» Working data
################

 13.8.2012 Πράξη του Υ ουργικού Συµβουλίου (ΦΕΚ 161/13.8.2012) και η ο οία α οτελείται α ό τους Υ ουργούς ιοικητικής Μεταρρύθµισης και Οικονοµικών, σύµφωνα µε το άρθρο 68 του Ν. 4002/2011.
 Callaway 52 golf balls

################

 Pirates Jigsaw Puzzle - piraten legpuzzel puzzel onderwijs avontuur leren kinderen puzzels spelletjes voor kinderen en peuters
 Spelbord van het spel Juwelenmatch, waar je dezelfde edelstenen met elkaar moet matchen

################

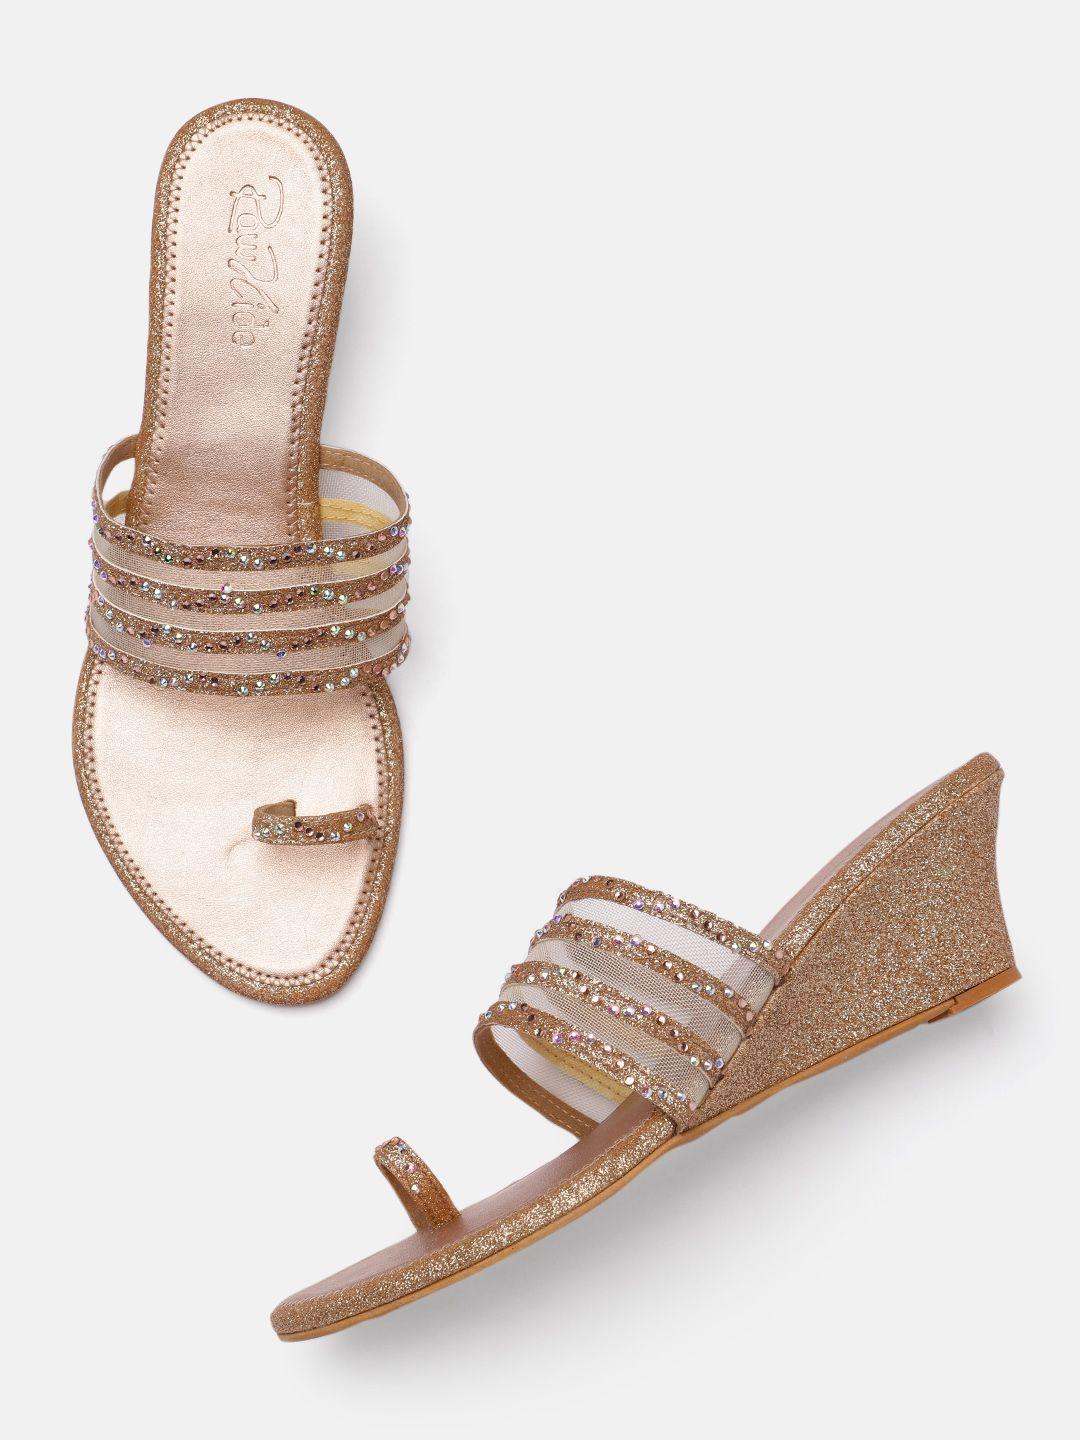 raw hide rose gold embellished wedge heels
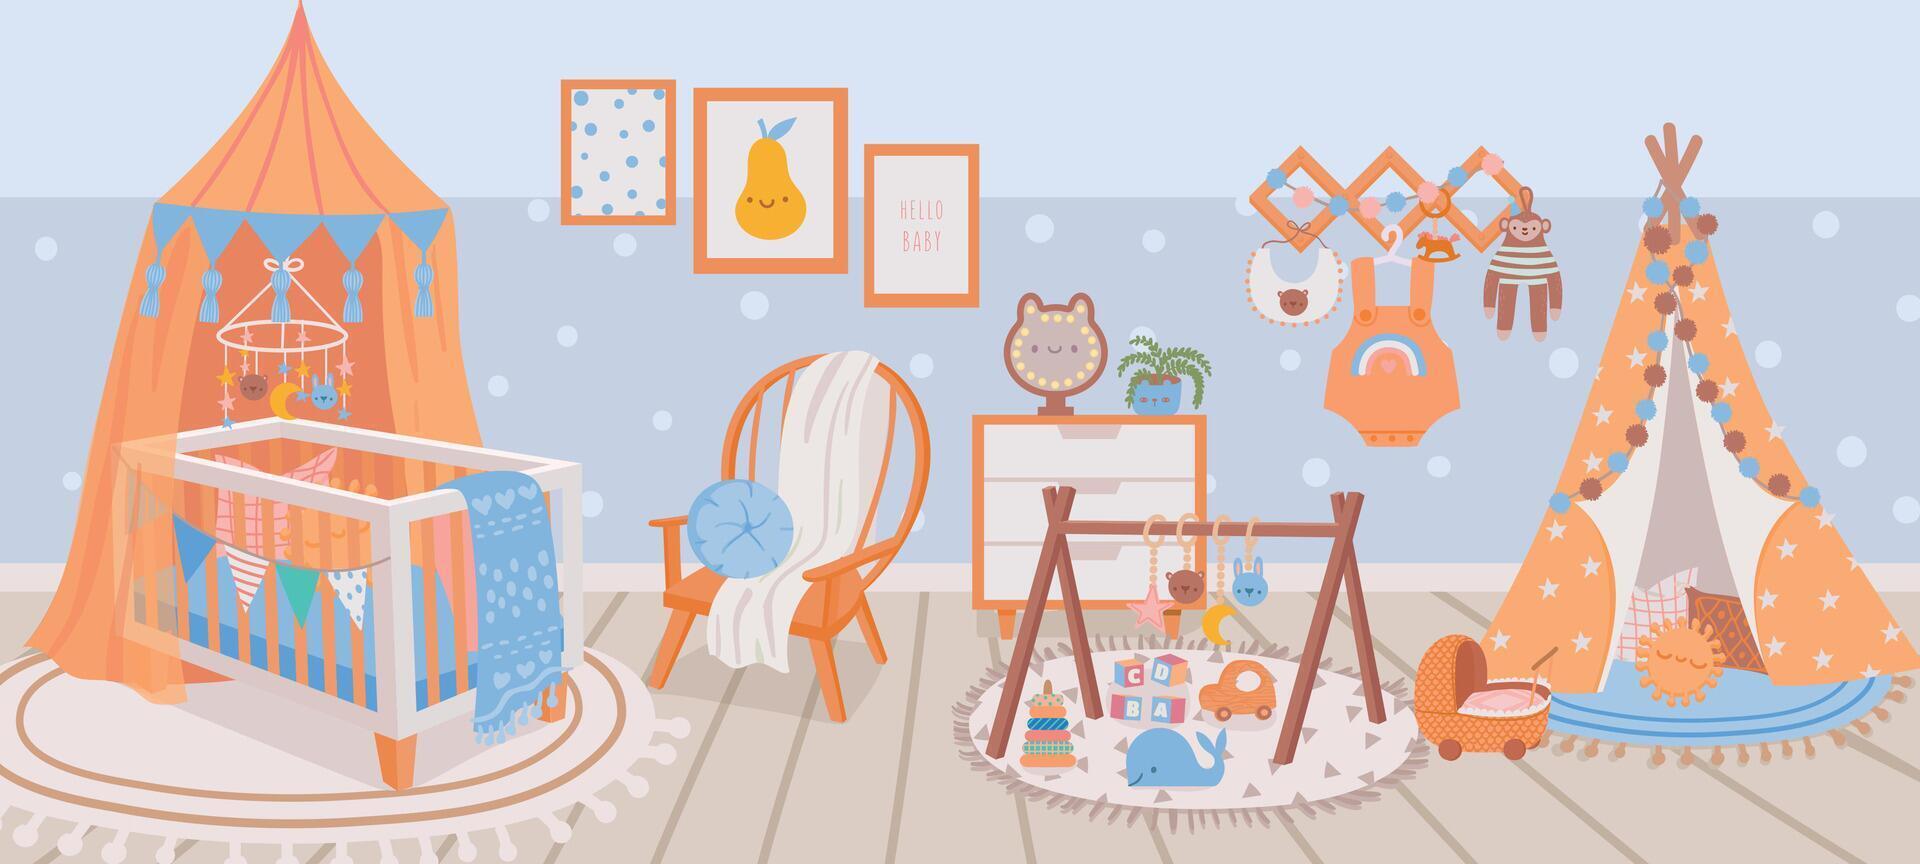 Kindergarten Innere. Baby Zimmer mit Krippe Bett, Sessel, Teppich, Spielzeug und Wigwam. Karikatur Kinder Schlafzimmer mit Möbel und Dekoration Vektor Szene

################

» Your goal
Reproduce the lines above, beginning at the line with "13.8.2012 Πράξη του" and stopping after the line with "Callaway 52 golf balls", exactly as they are.

» Written reply
 13.8.2012 Πράξη του Υ ουργικού Συµβουλίου (ΦΕΚ 161/13.8.2012) και η ο οία α οτελείται α ό τους Υ ουργούς ιοικητικής Μεταρρύθµισης και Οικονοµικών, σύµφωνα µε το άρθρο 68 του Ν. 4002/2011.
 Callaway 52 golf balls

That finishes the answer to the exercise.